*TASK ITEM:*
An exact transcription of all the records below is required, without any images.

Collected data entries
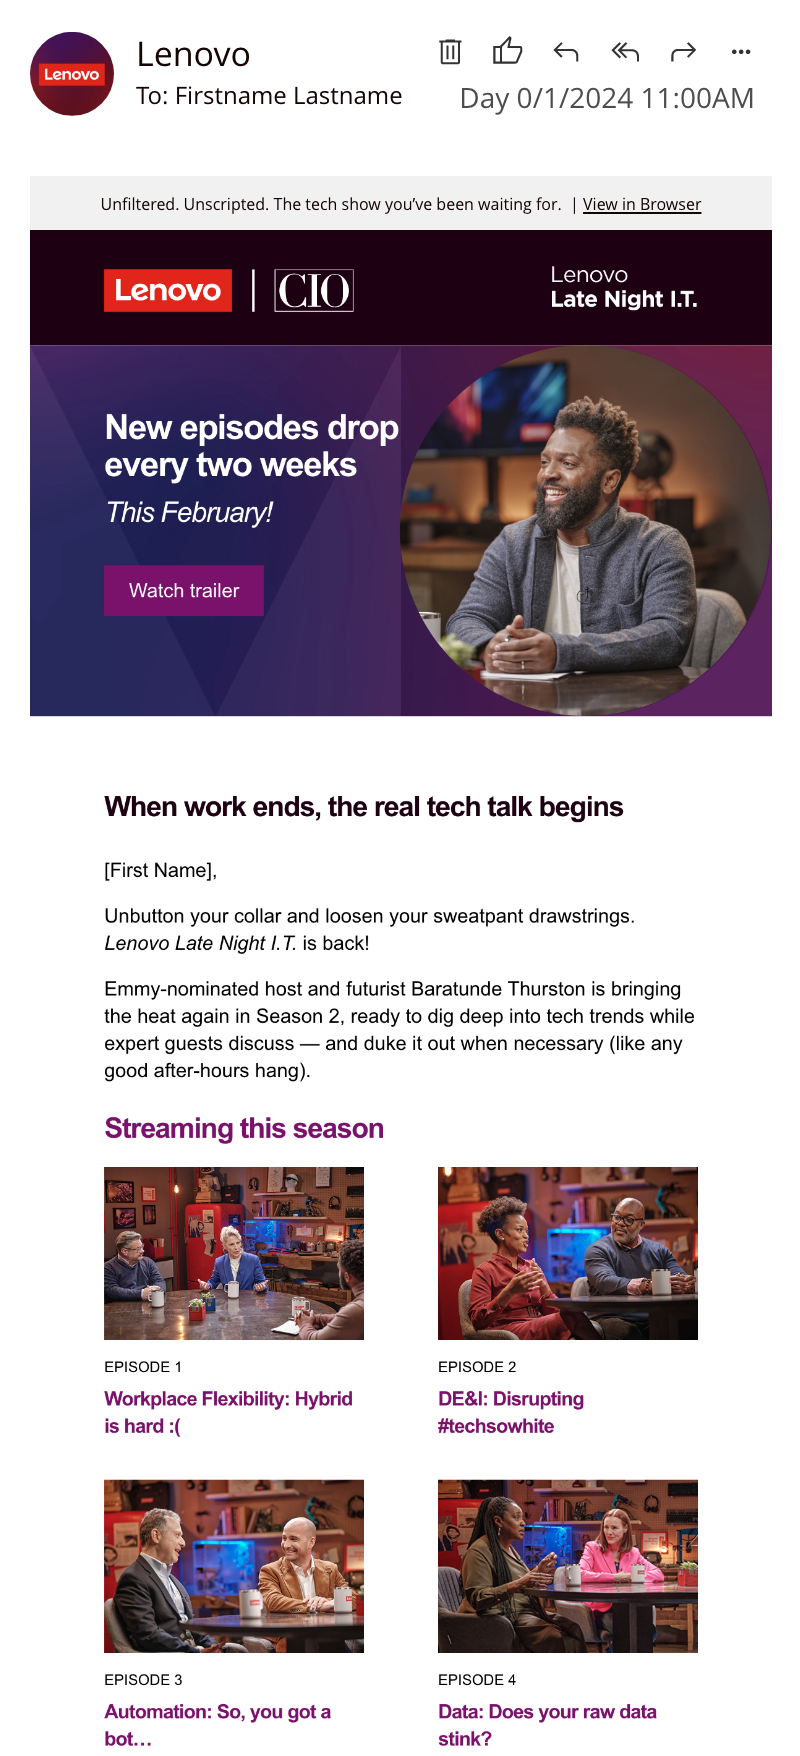 Lenovo Late Night I.T. promo email example.
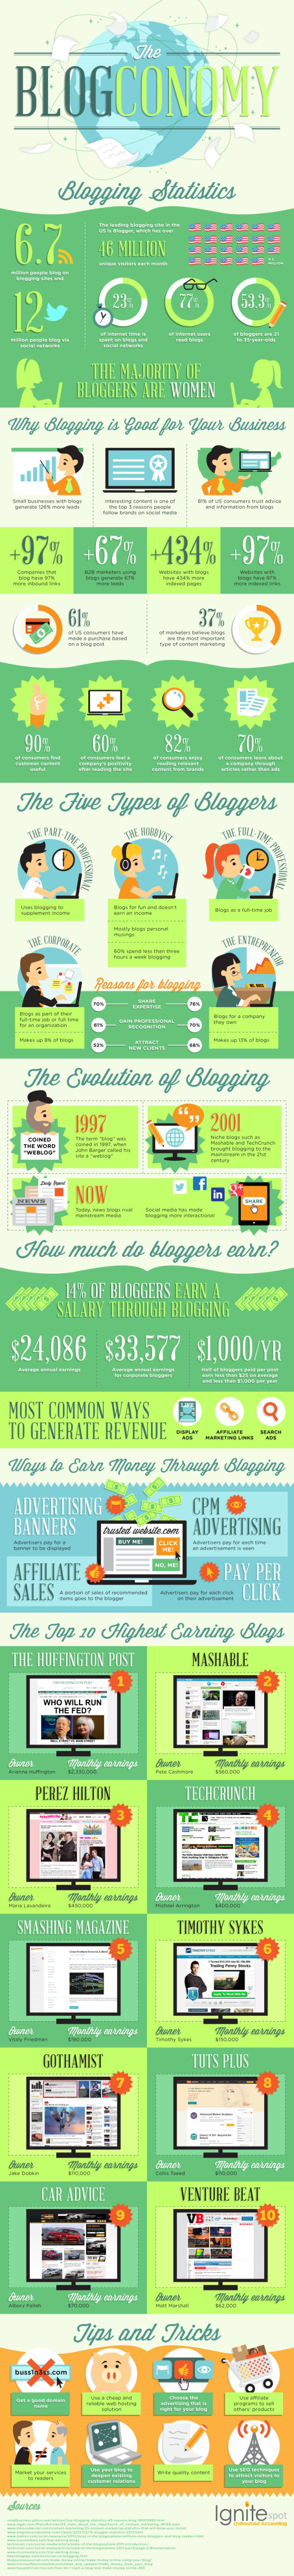 Blogging For Businesses
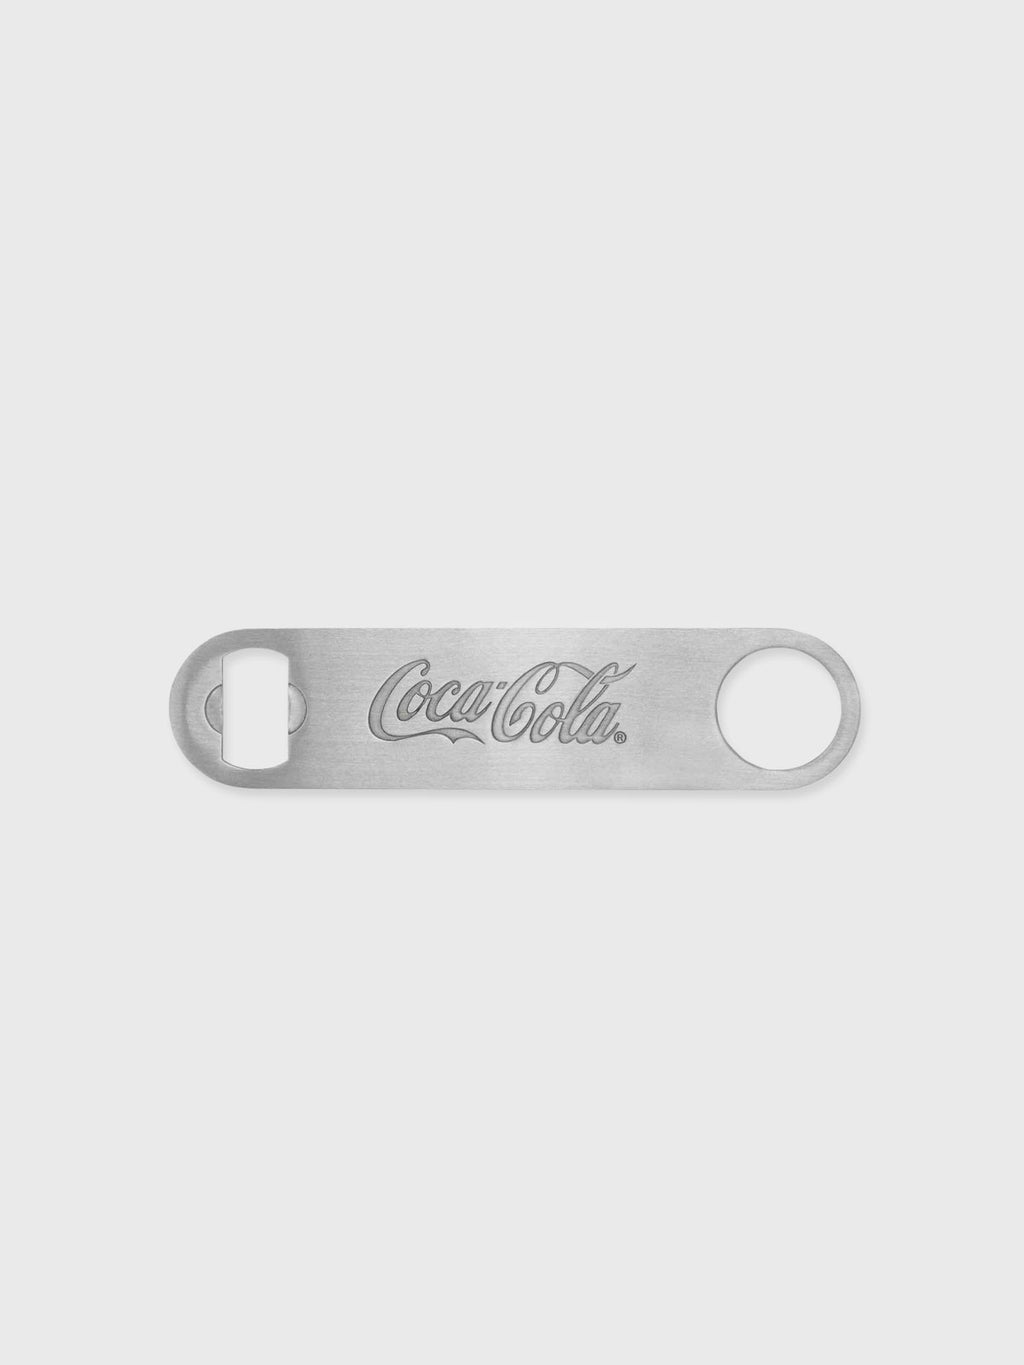 Coca-Cola® Flat Bottle Opener - Stainless Steel
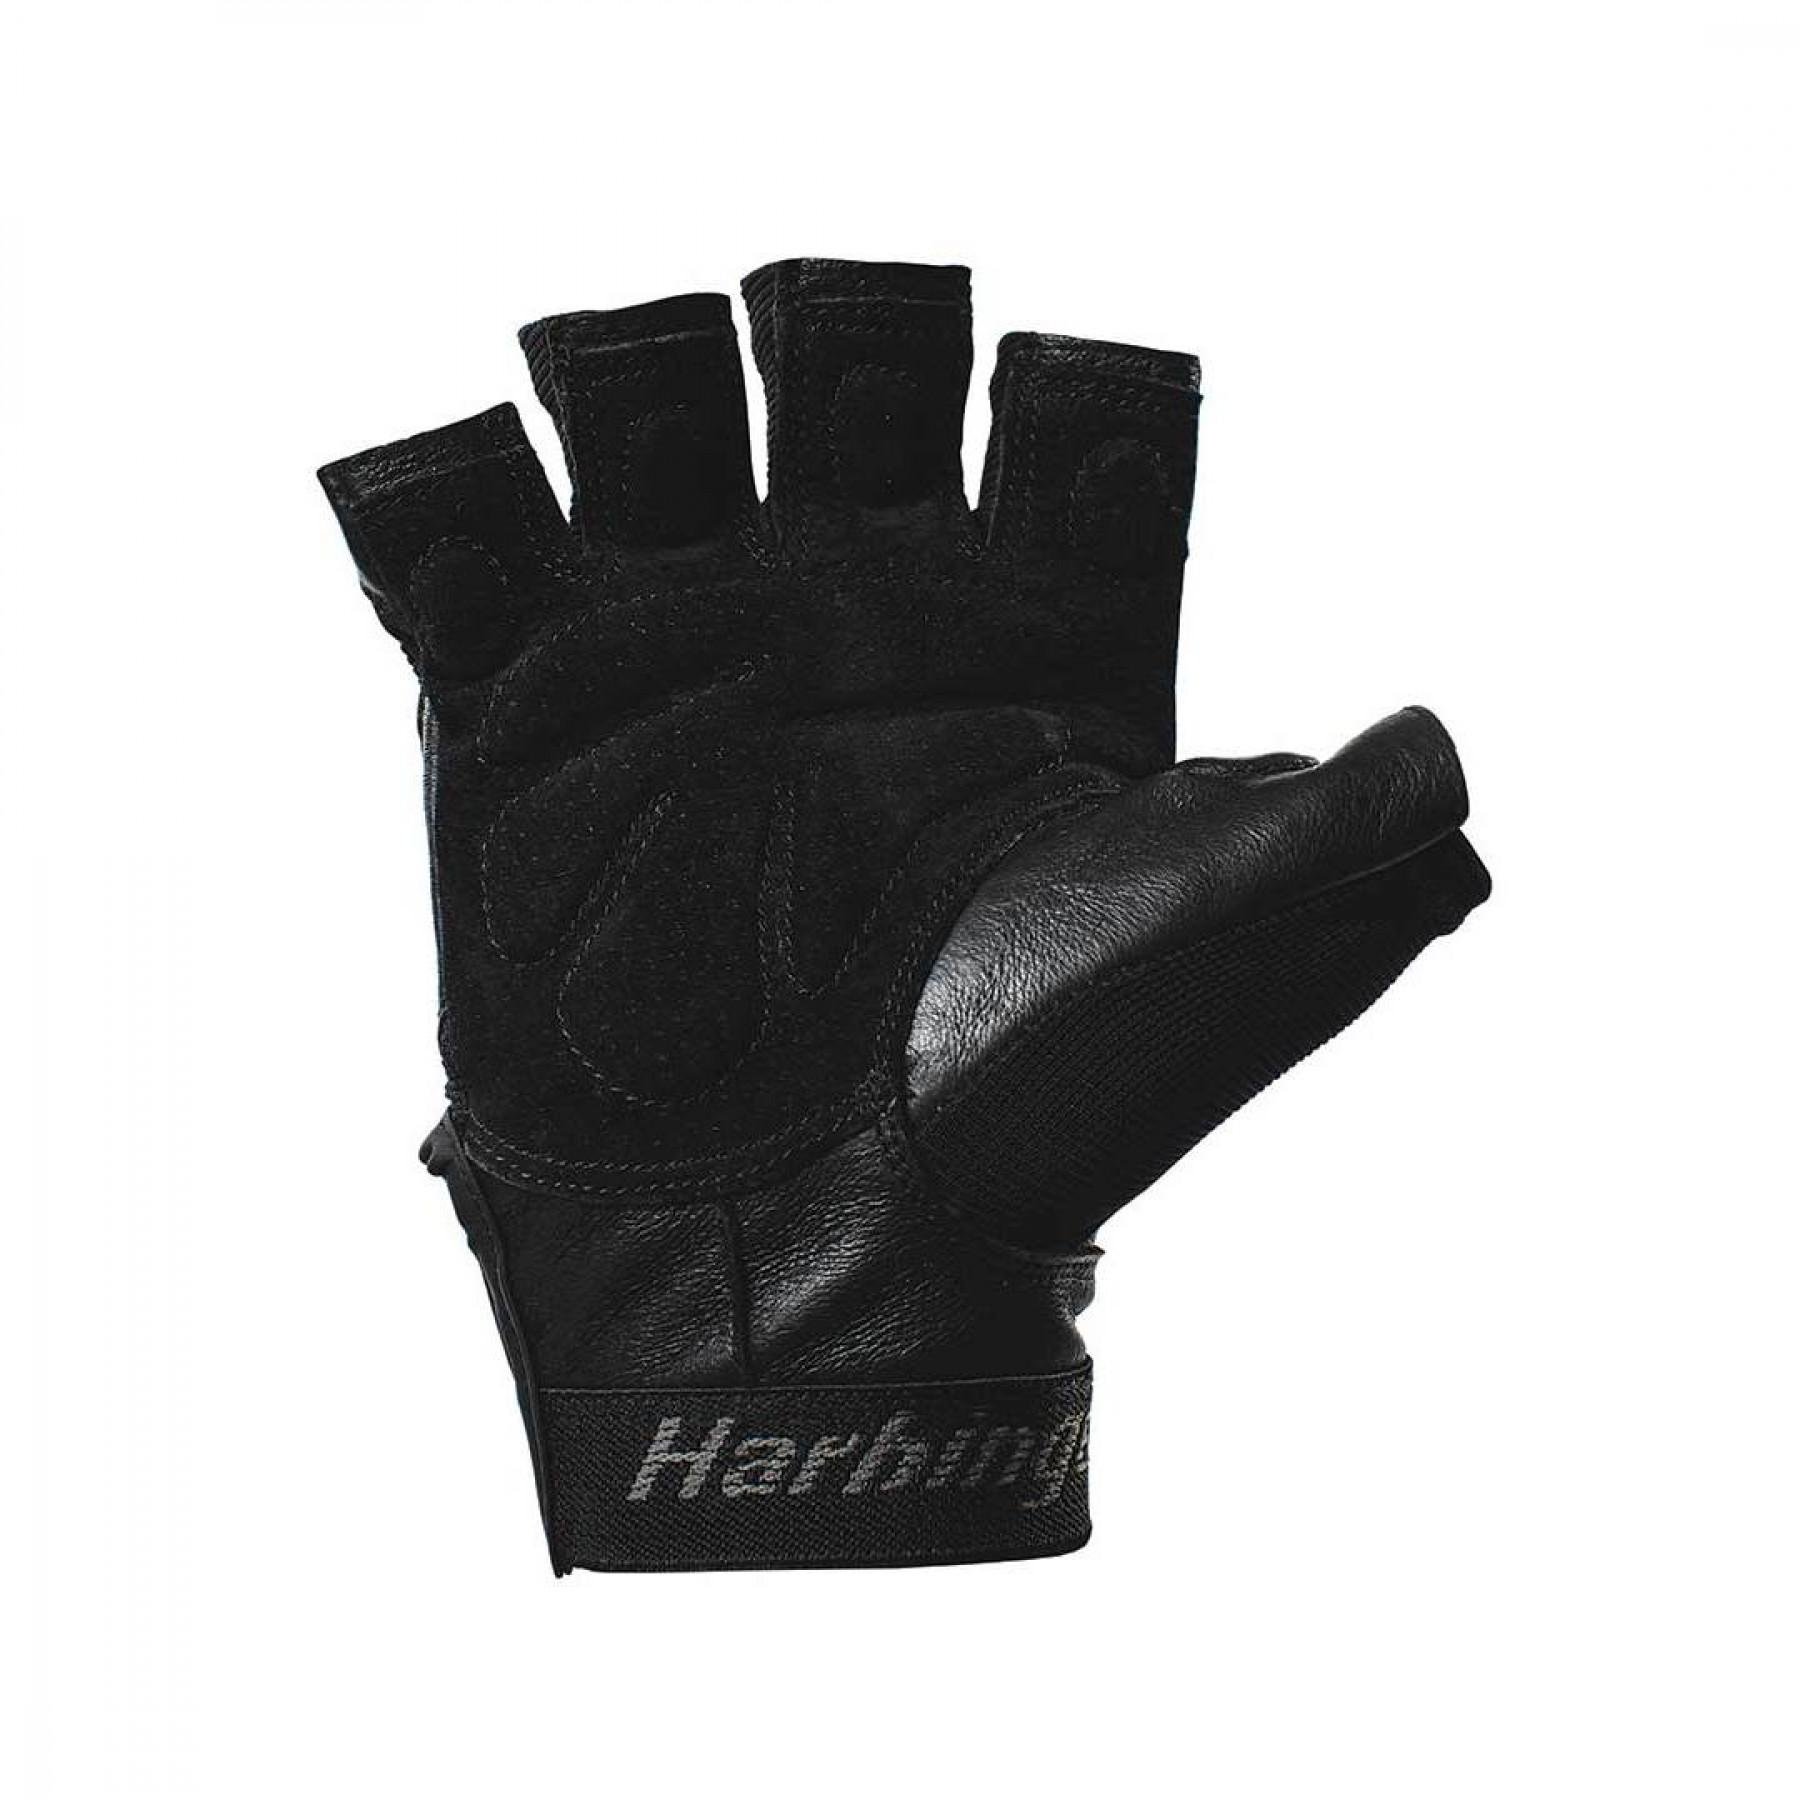 Glove Harbinger Training Grip
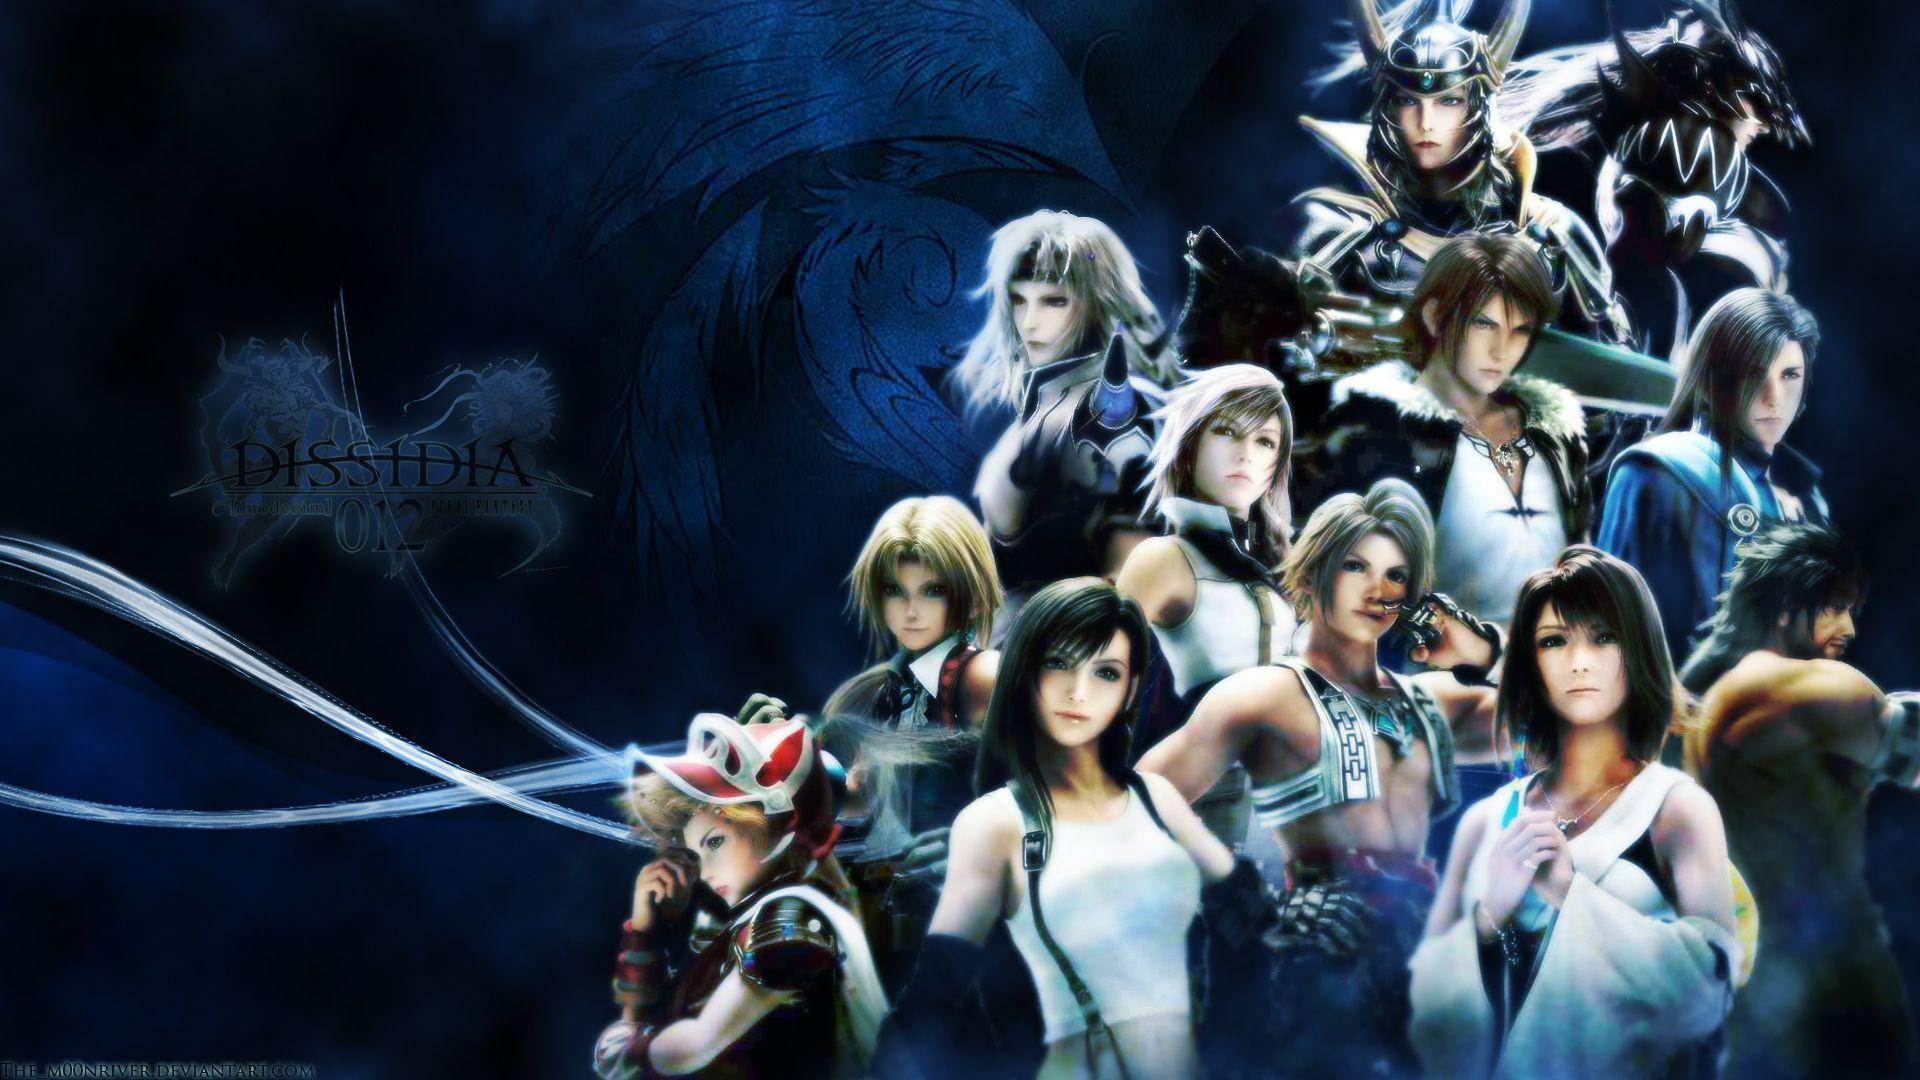 Final Fantasy Viii Wallpapers Top Free Final Fantasy Viii Backgrounds Wallpaperaccess

*ANSWER TO THE EXERCISE:*
 Lenovo Late Night I.T. promo email example.
 Blogging For Businesses
 Coca-Cola® Flat Bottle Opener - Stainless Steel
 Glove Harbinger Training Grip
 Final Fantasy Viii Wallpapers Top Free Final Fantasy Viii Backgrounds Wallpaperaccess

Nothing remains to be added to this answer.